§ PROBLEM REQUIREMENTS: With pictures removed, the data below should be returned exactly.

§ DATA:
※
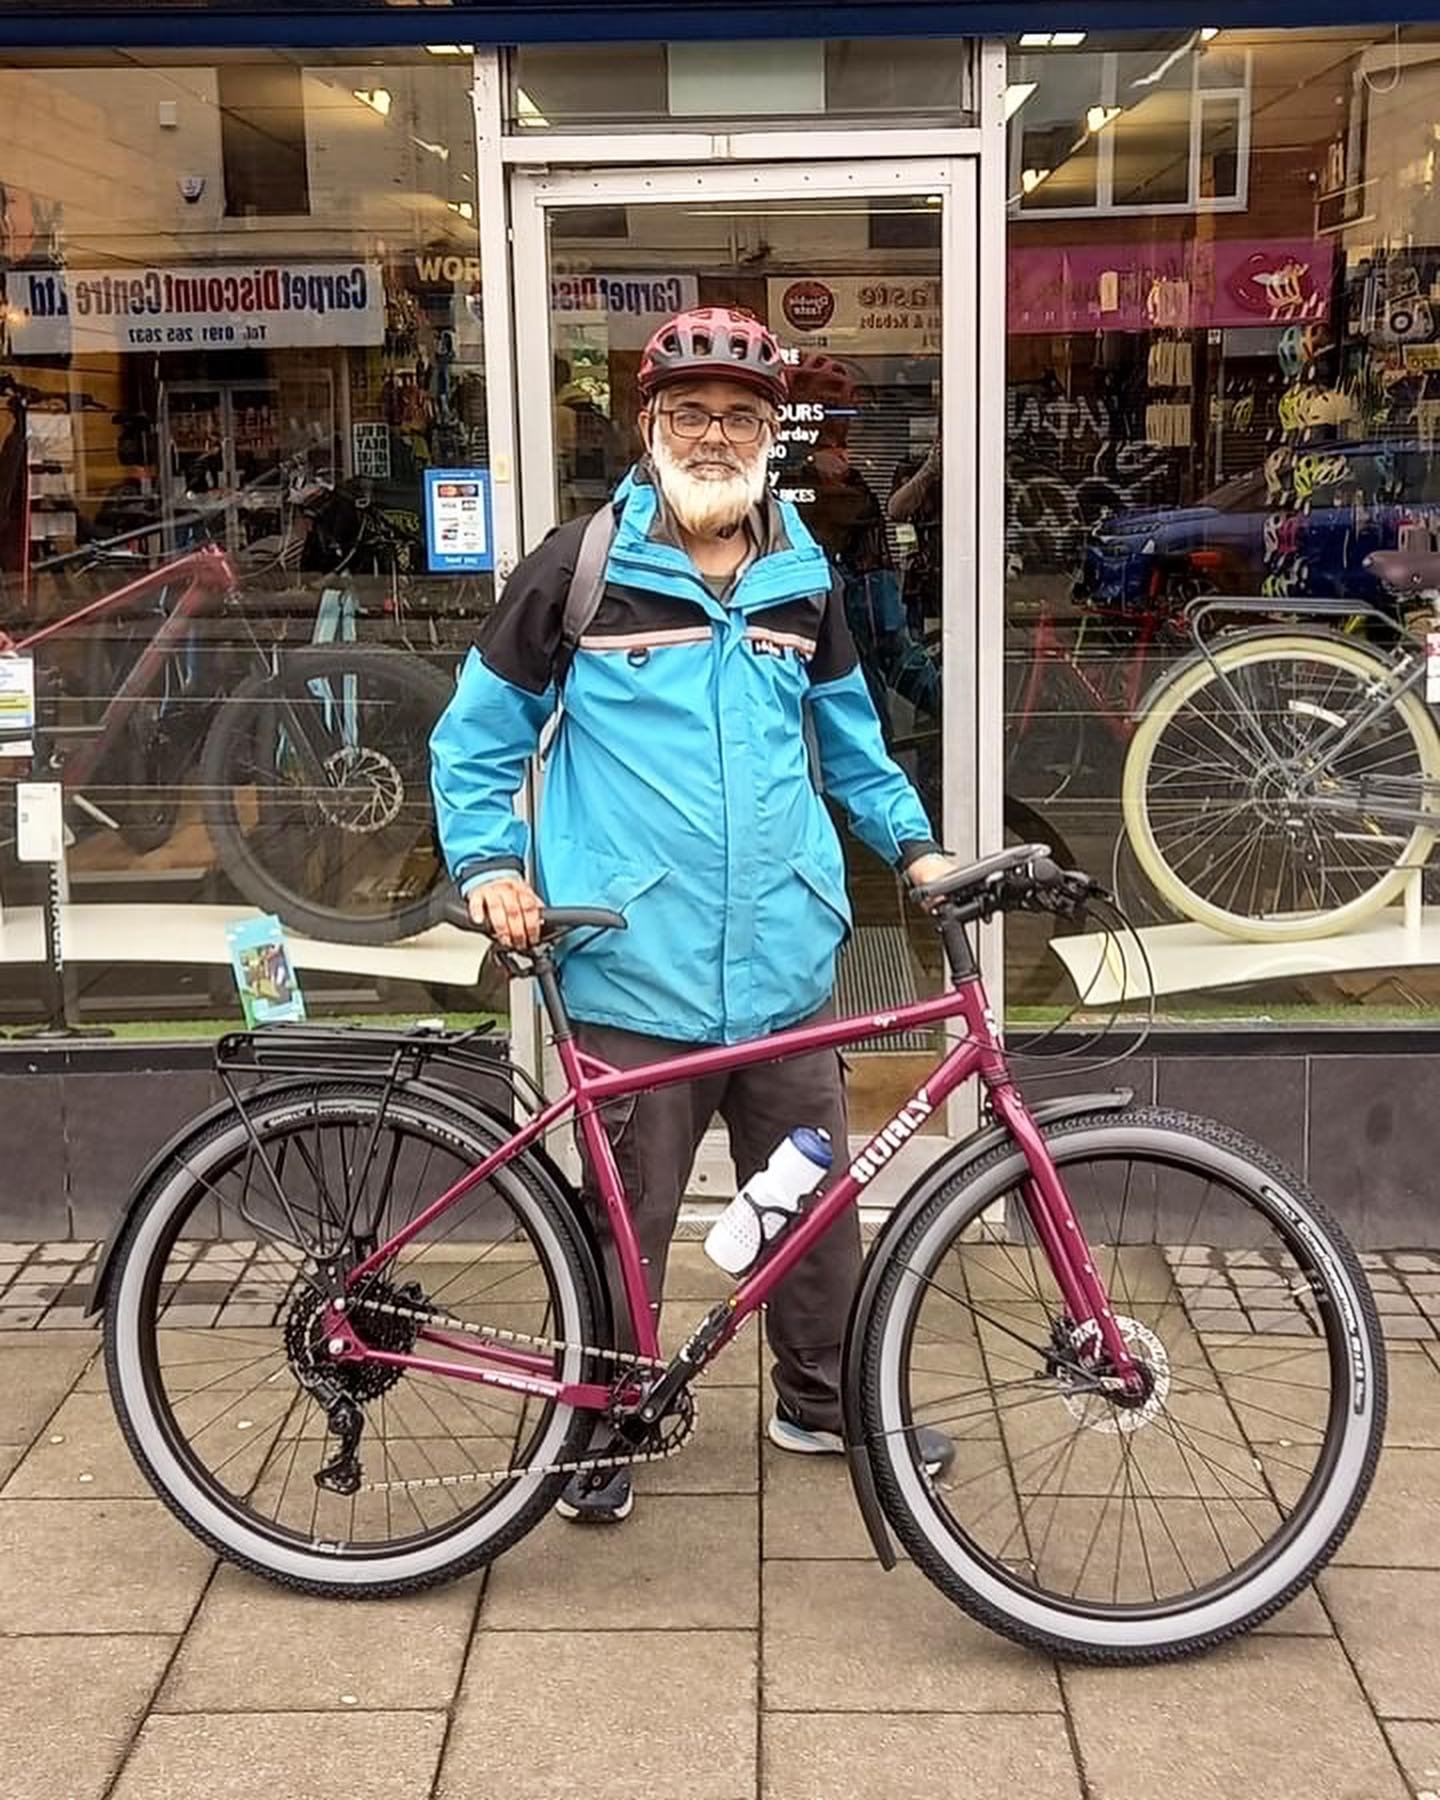 New Surly day!!!! Is there a better day? We don&rsquo;t think so. The Ogre is your go to ATB or off road touring bike with a comfortable position and tackle anything geometry. And it comes in purple!!
@surlybikesuk 
@surlybikes 
#surlyogre #surlybike
※
§ OUTPUT FOR THIS EXERCISE:
 New Surly day!!!! Is there a better day? We don&rsquo;t think so. The Ogre is your go to ATB or off road touring bike with a comfortable position and tackle anything geometry. And it comes in purple!!
@surlybikesuk 
@surlybikes 
#surlyogre #surlybike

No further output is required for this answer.